§ Data section

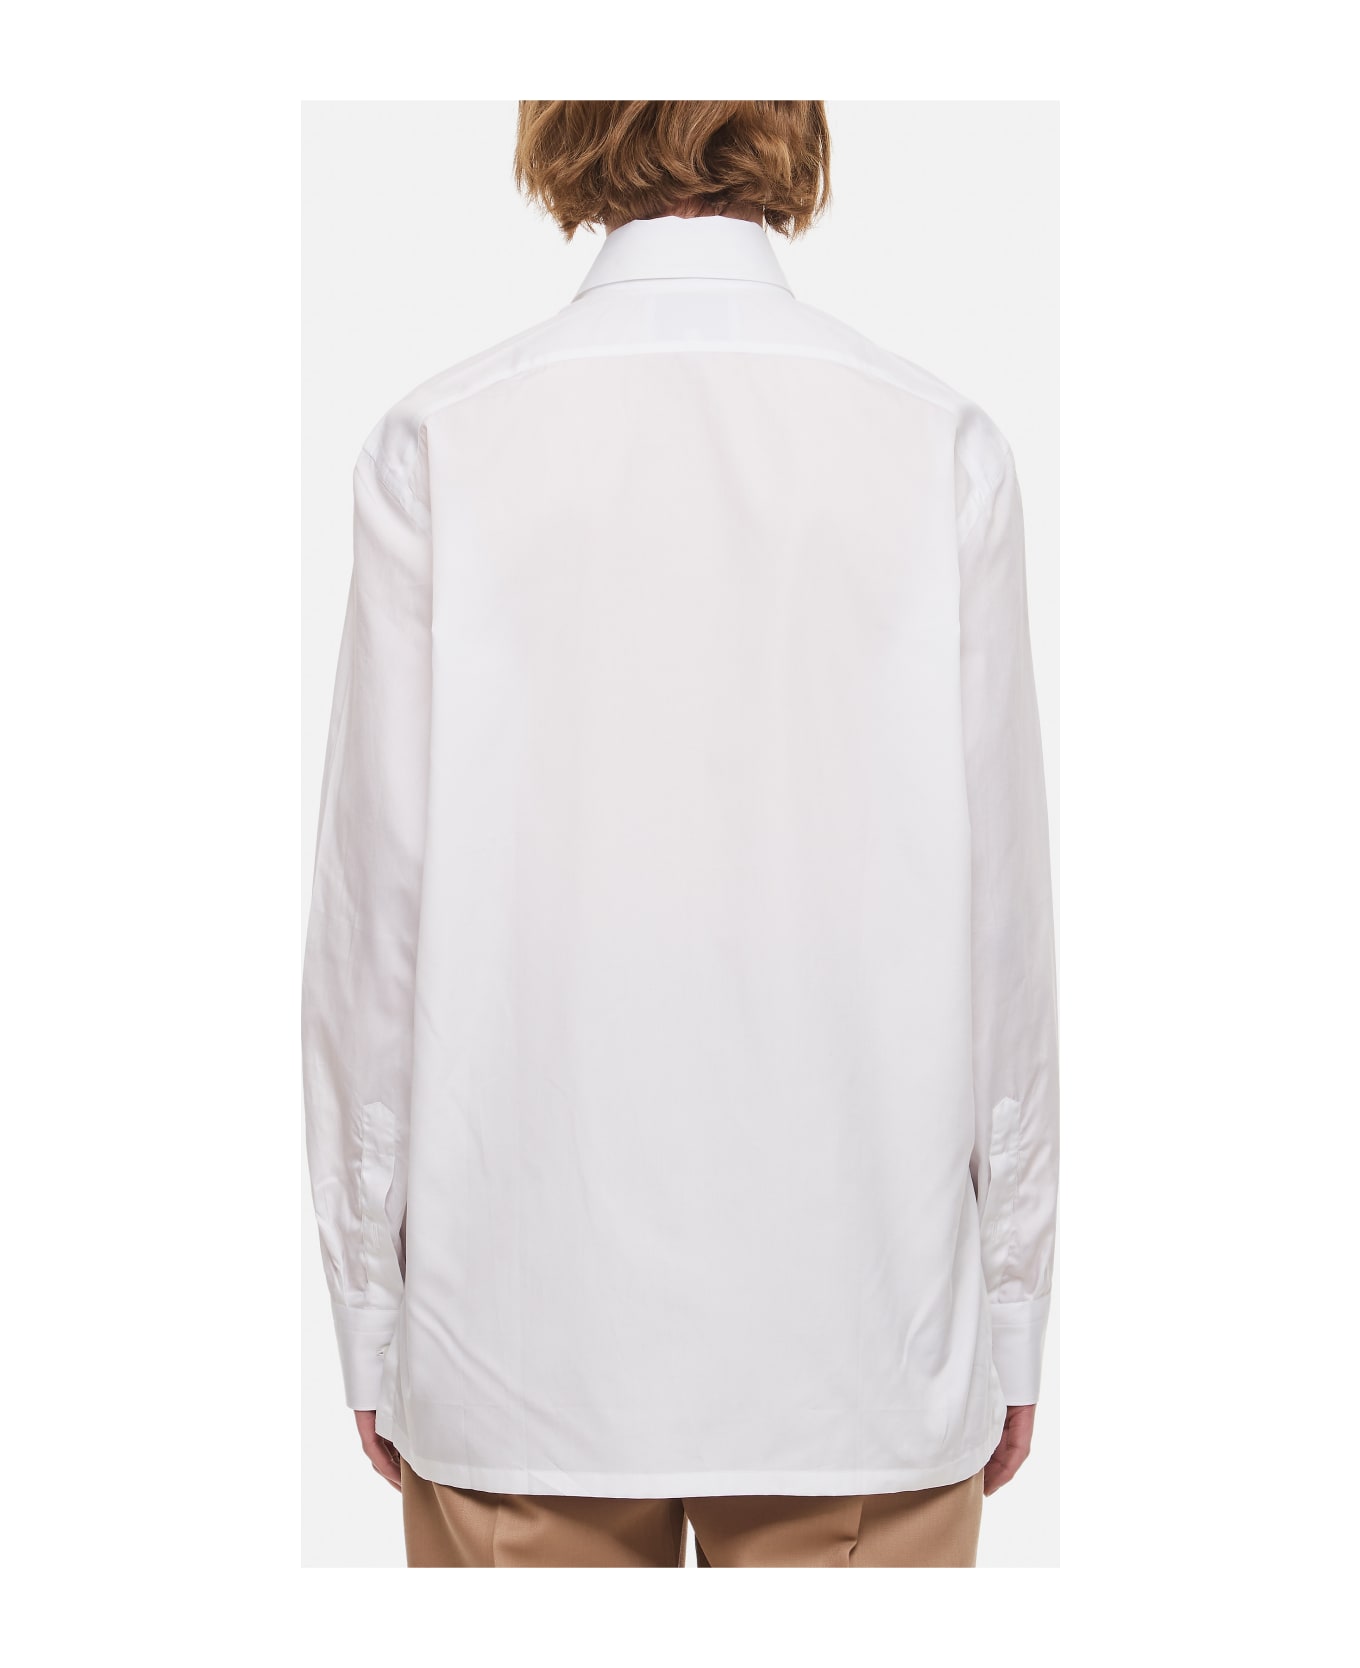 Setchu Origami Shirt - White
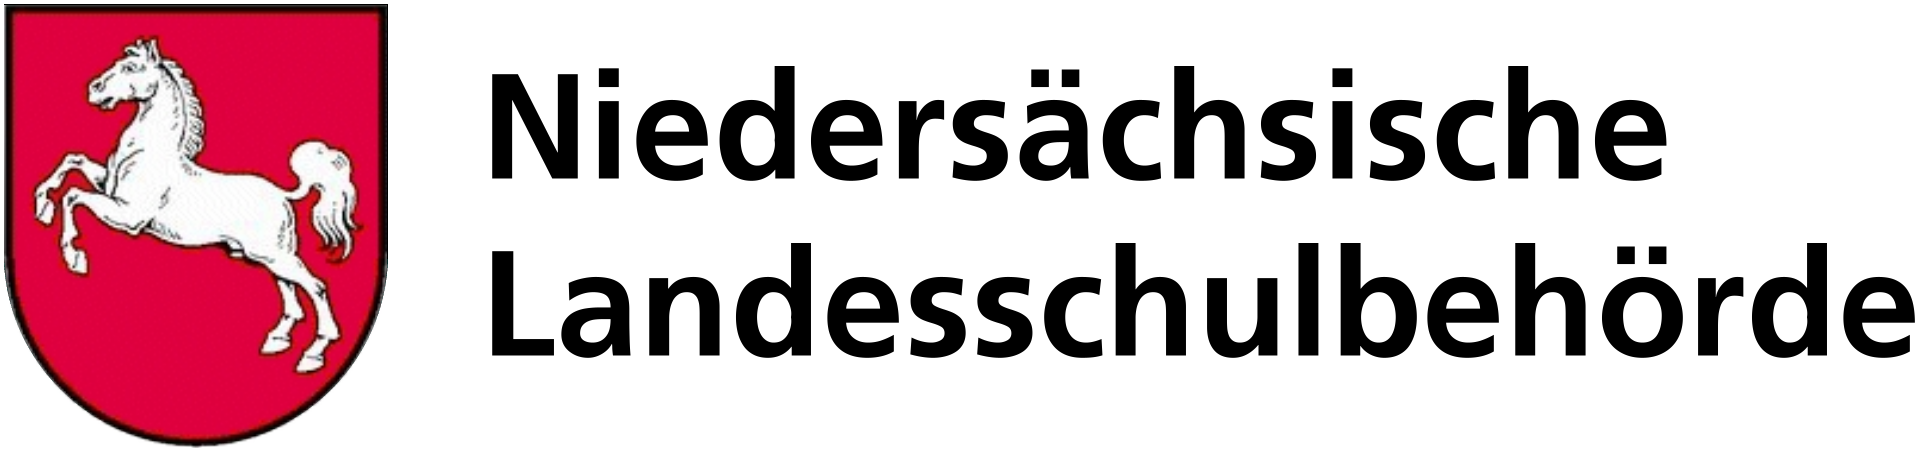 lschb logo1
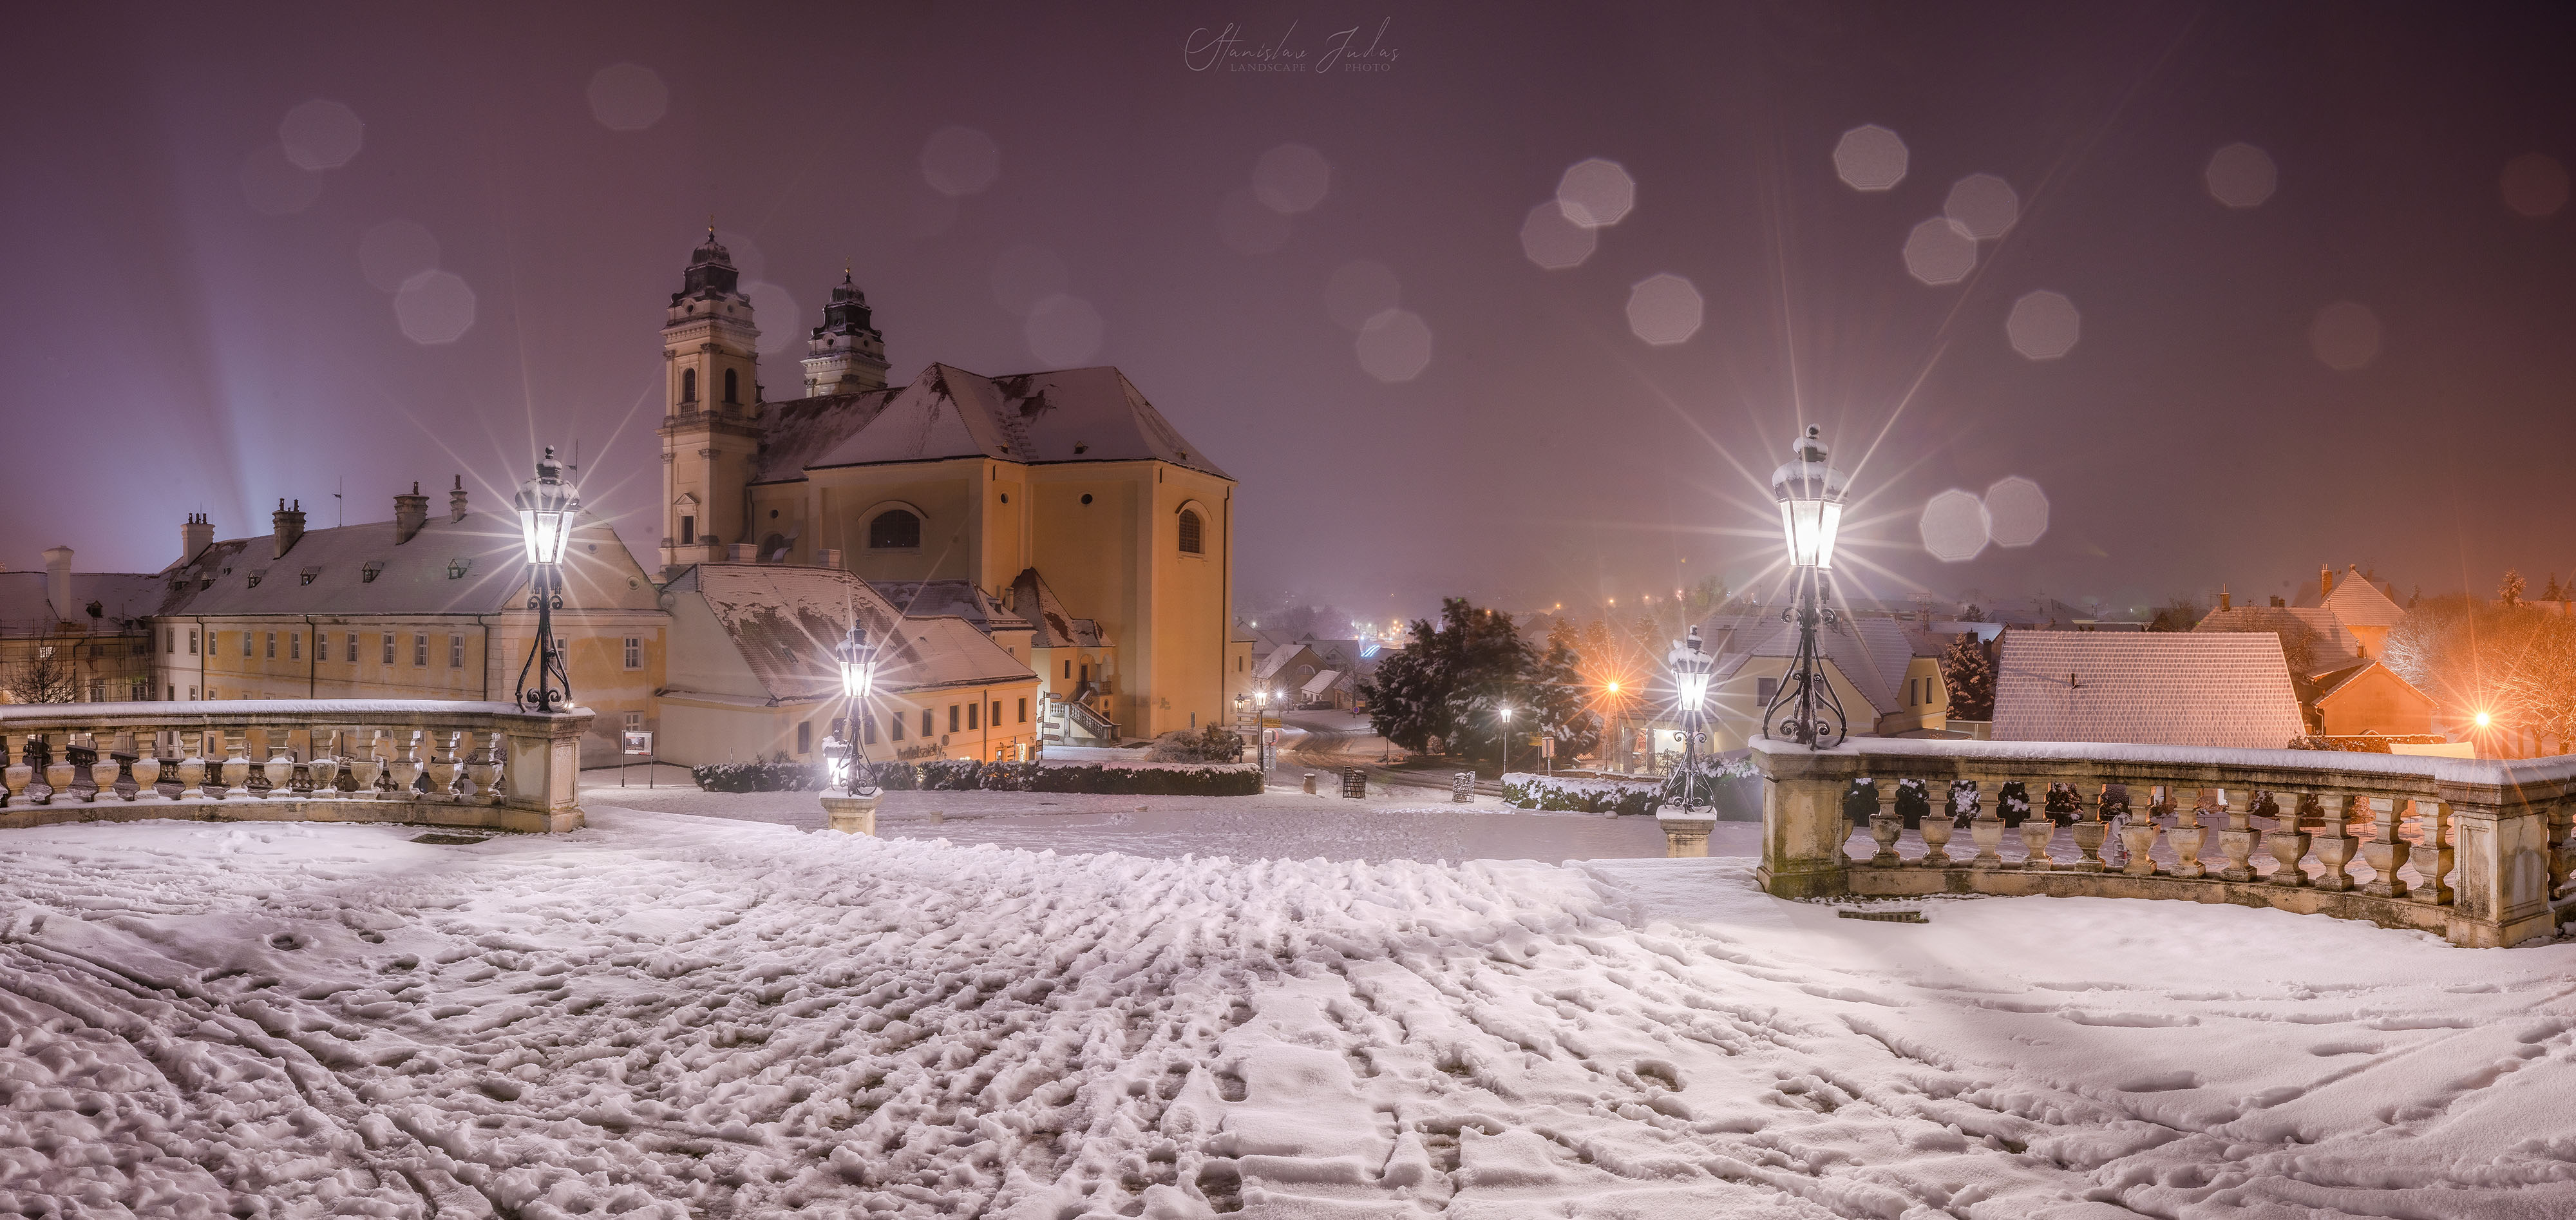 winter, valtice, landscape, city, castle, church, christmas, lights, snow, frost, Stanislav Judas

§ What is expected
With pictures excluded, the material is to be written out exactly as given.

§ Written answer
 Setchu Origami Shirt - White
 lschb logo1
 winter, valtice, landscape, city, castle, church, christmas, lights, snow, frost, Stanislav Judas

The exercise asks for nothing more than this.